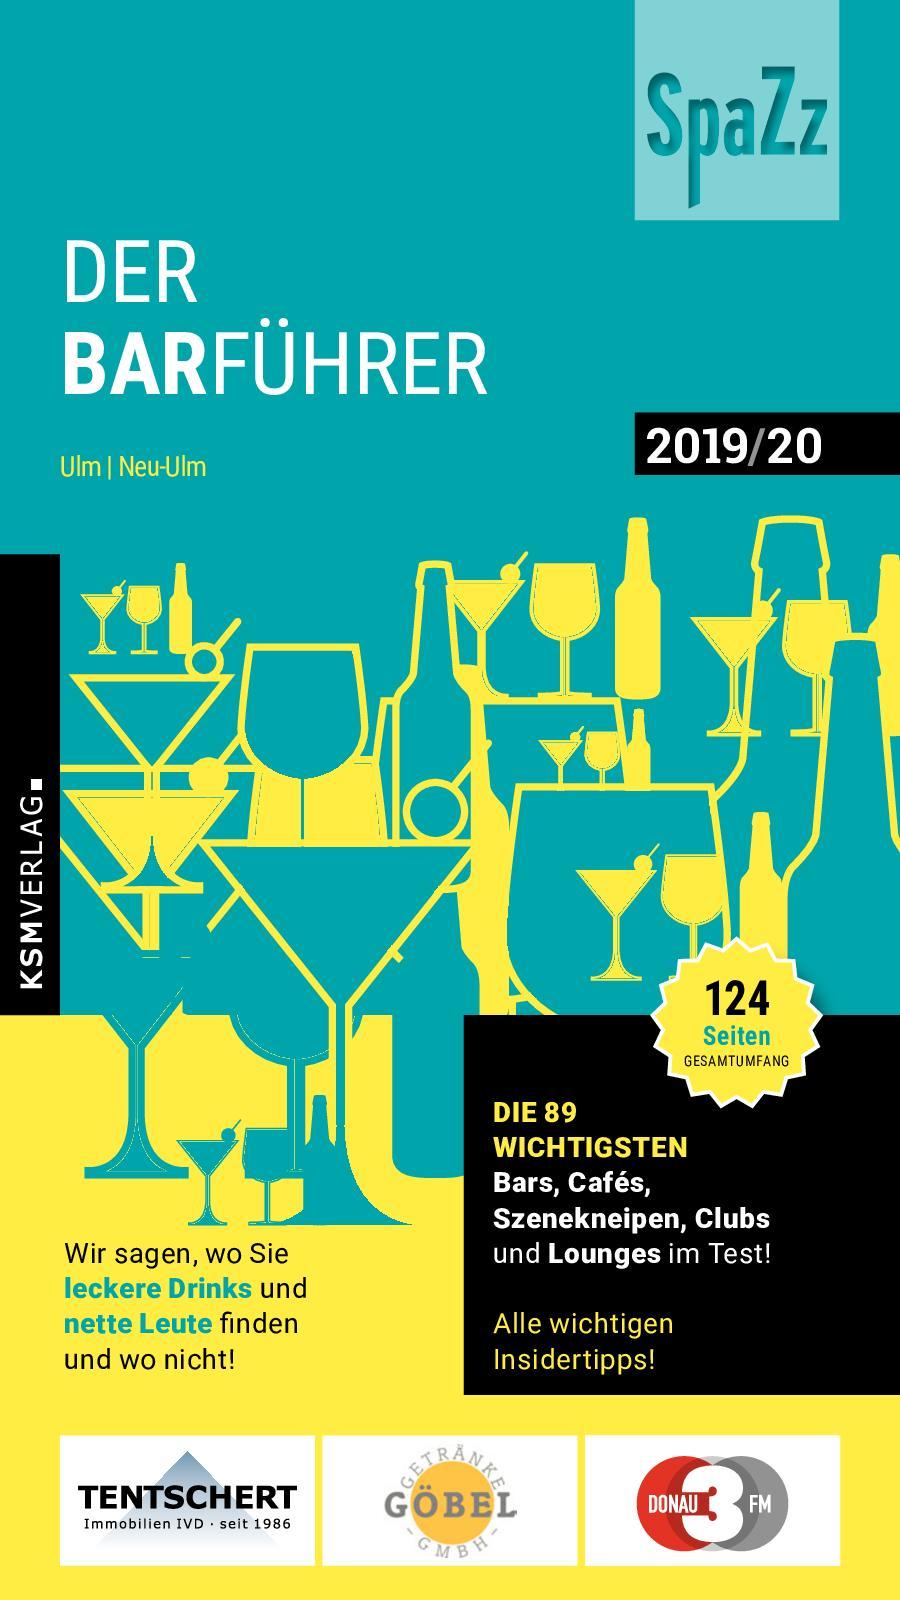 Der Barführer Ulm/Neu-Ulm 2019/20
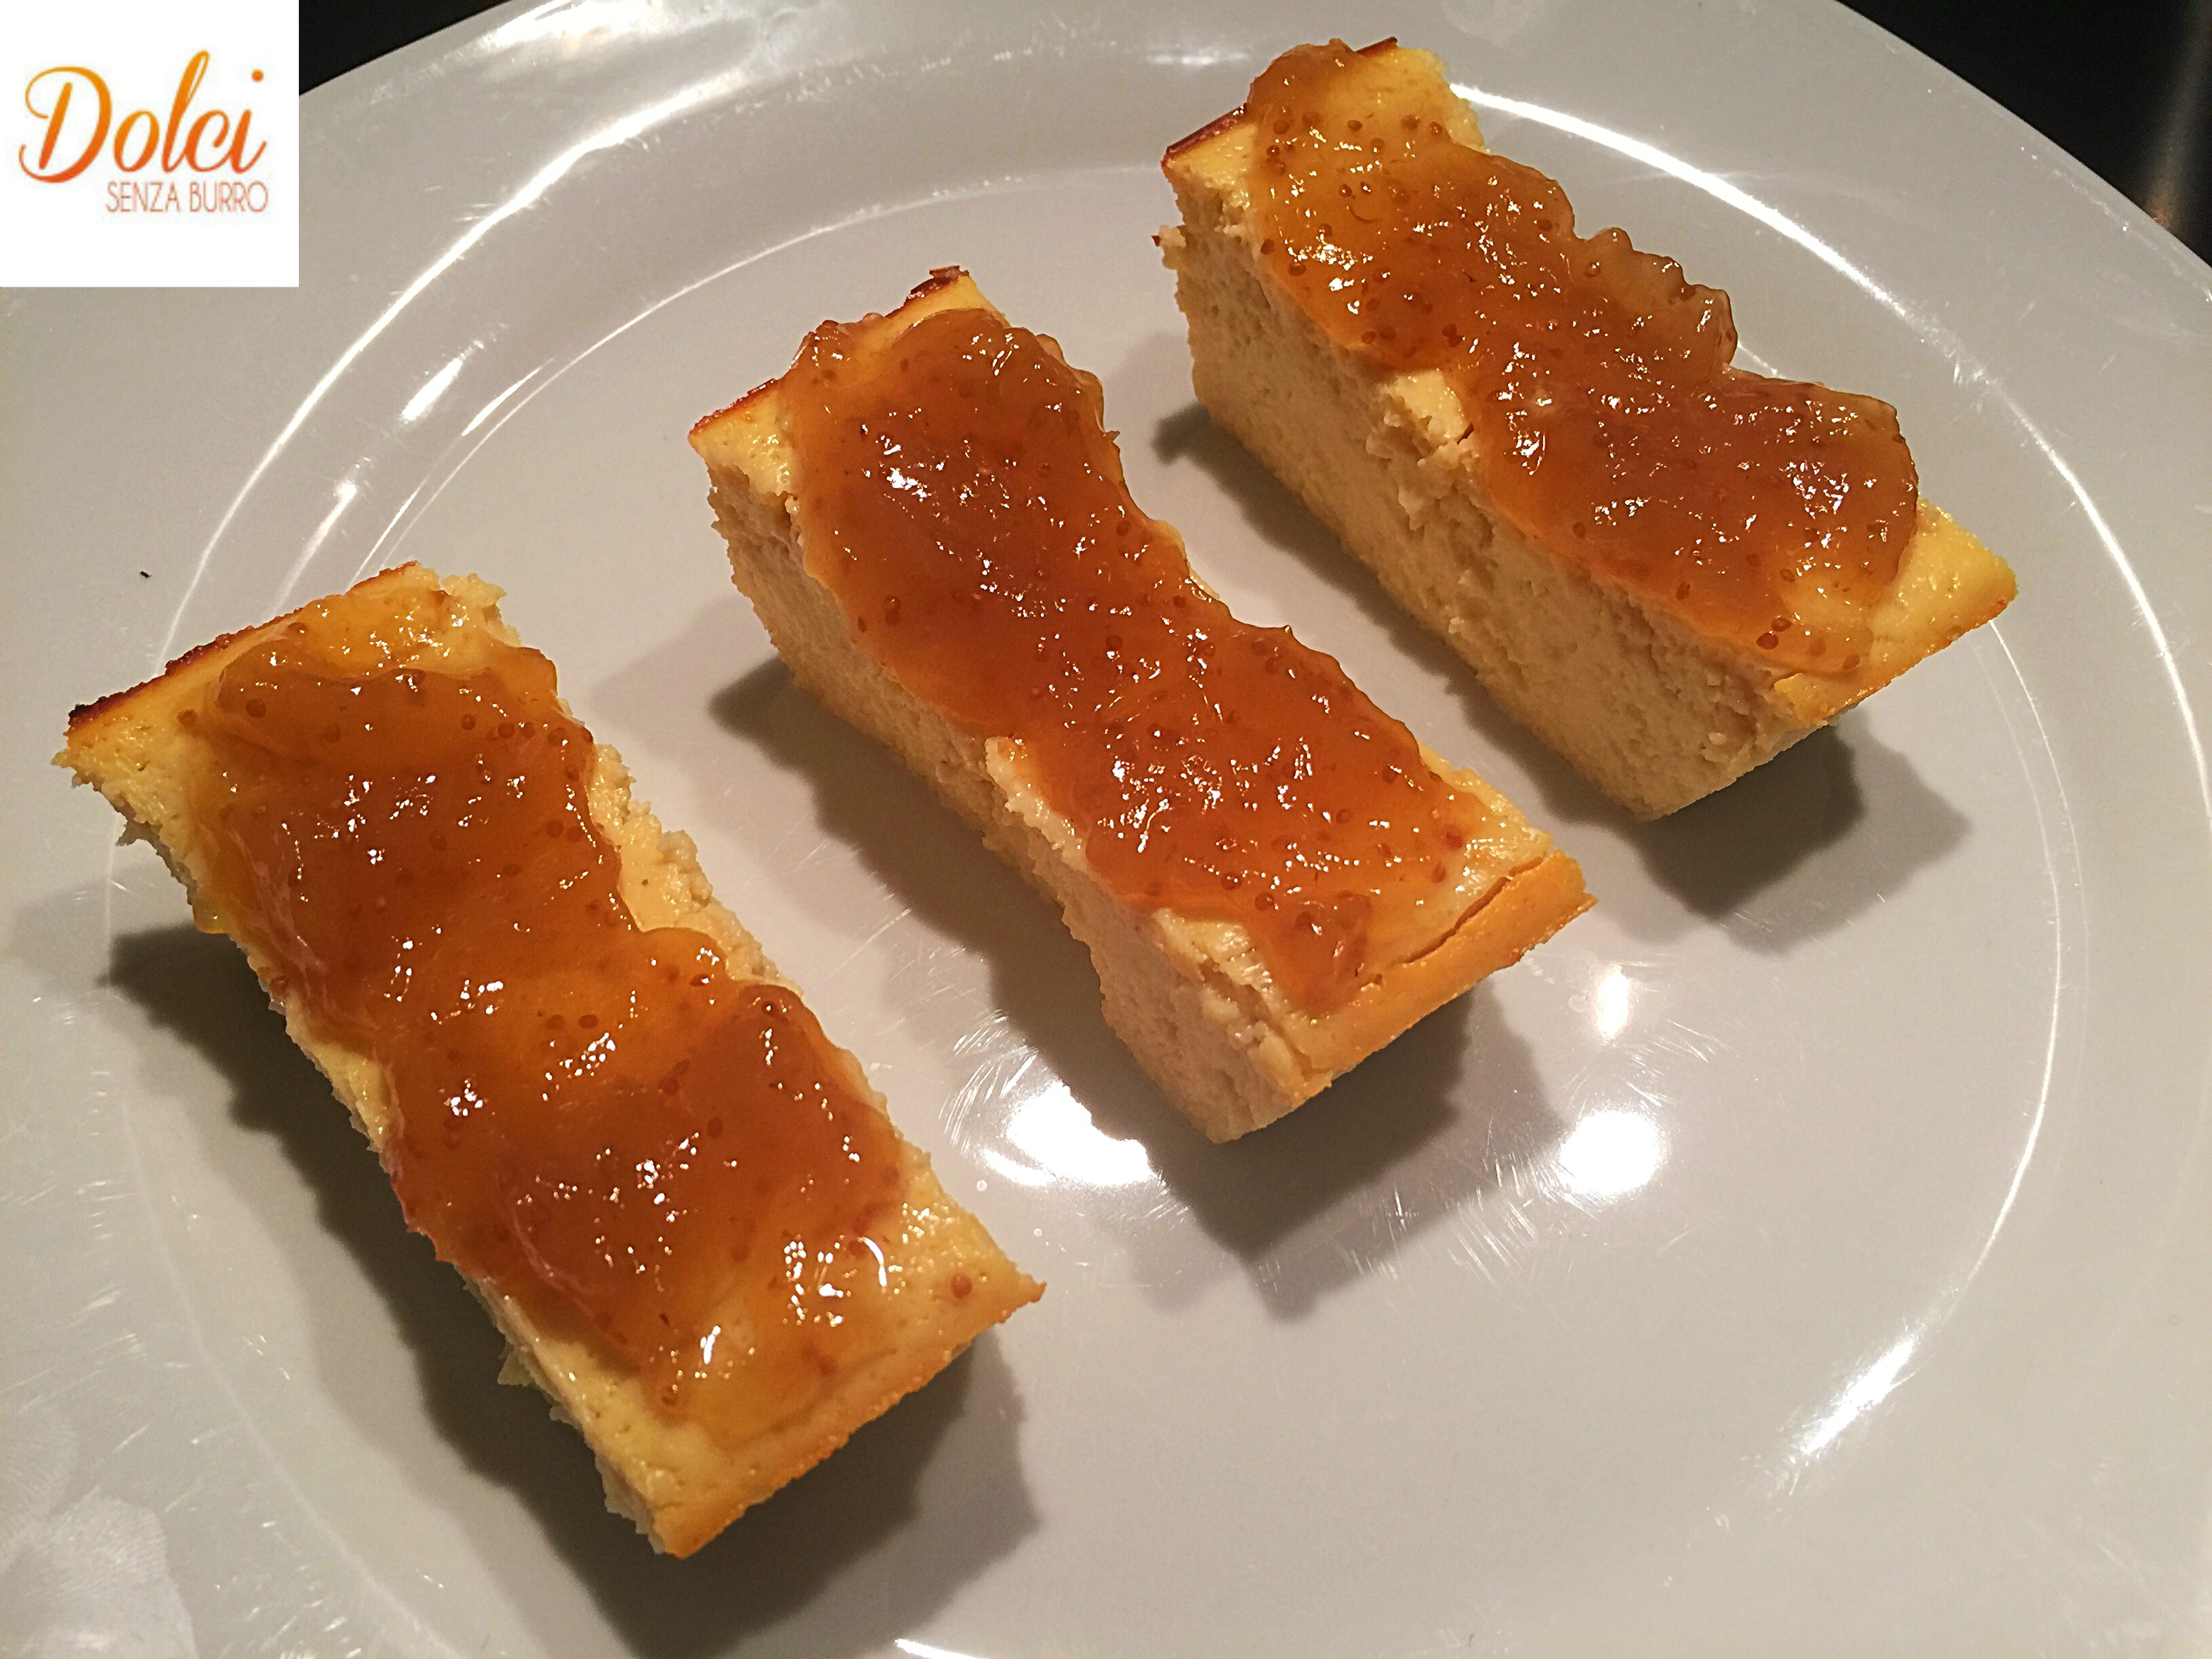 Torta Dolce al Formaggio e Fichi, una rivisitazione della cheesecake di dolci senza burro
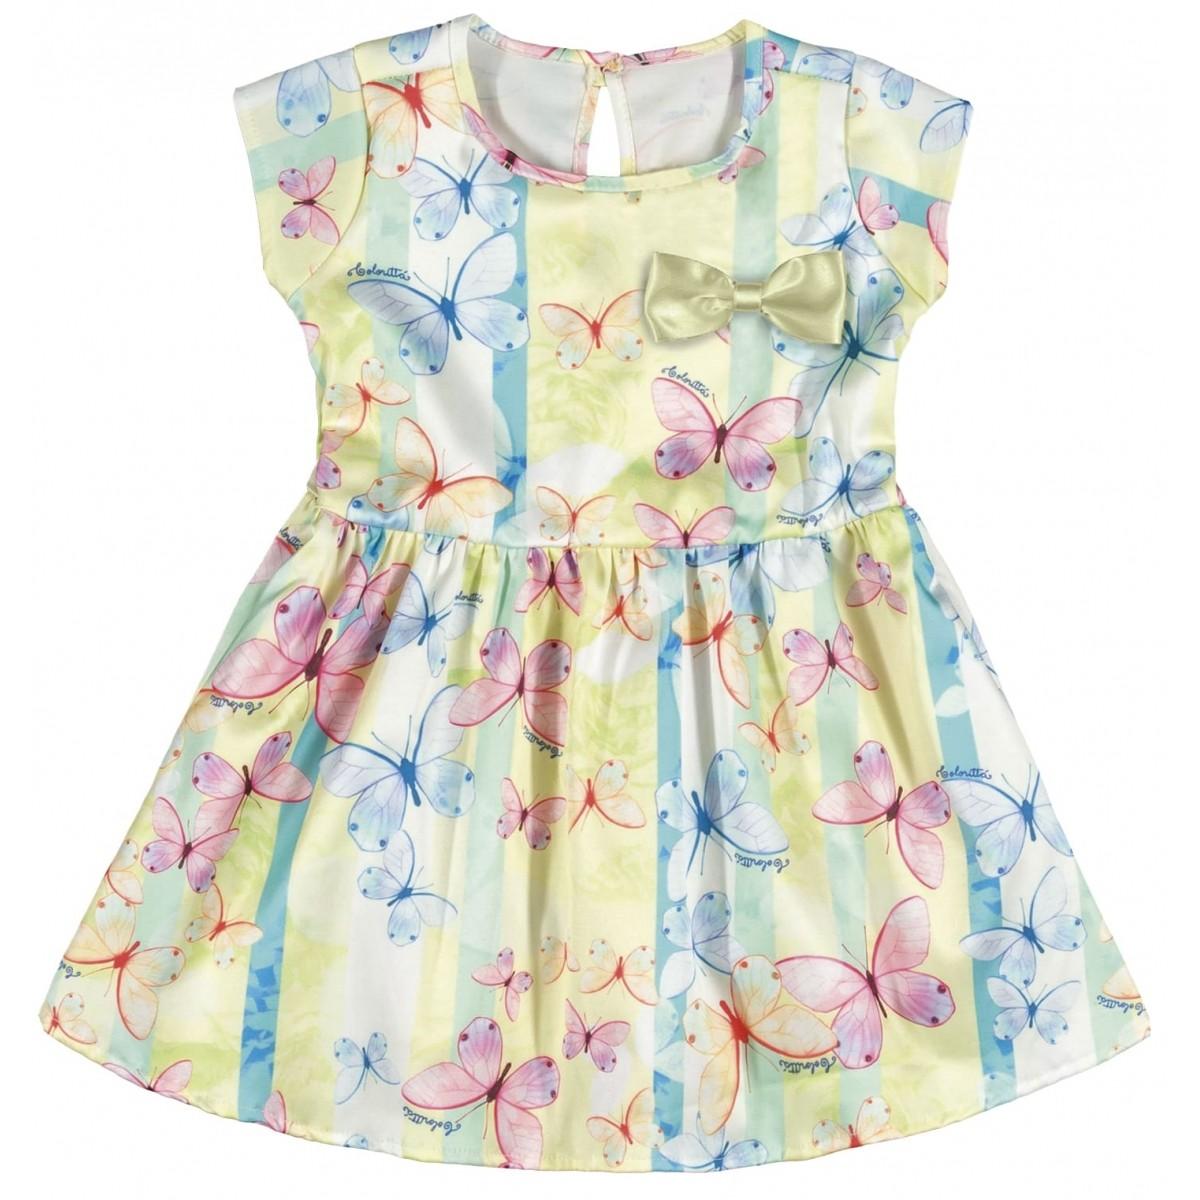 Vestido Infantil Feminino Verde Verão Colorittá  a646b559e7f0e

AIM OF THE EXERCISE:
Output precisely the lines in the material above from the line containing "Torta Dolce al" through its last line, and omit pictures.

TASK RESPONSE:
 Torta Dolce al Formaggio e Fichi, una rivisitazione della cheesecake di dolci senza burro
 Vestido Infantil Feminino Verde Verão Colorittá  a646b559e7f0e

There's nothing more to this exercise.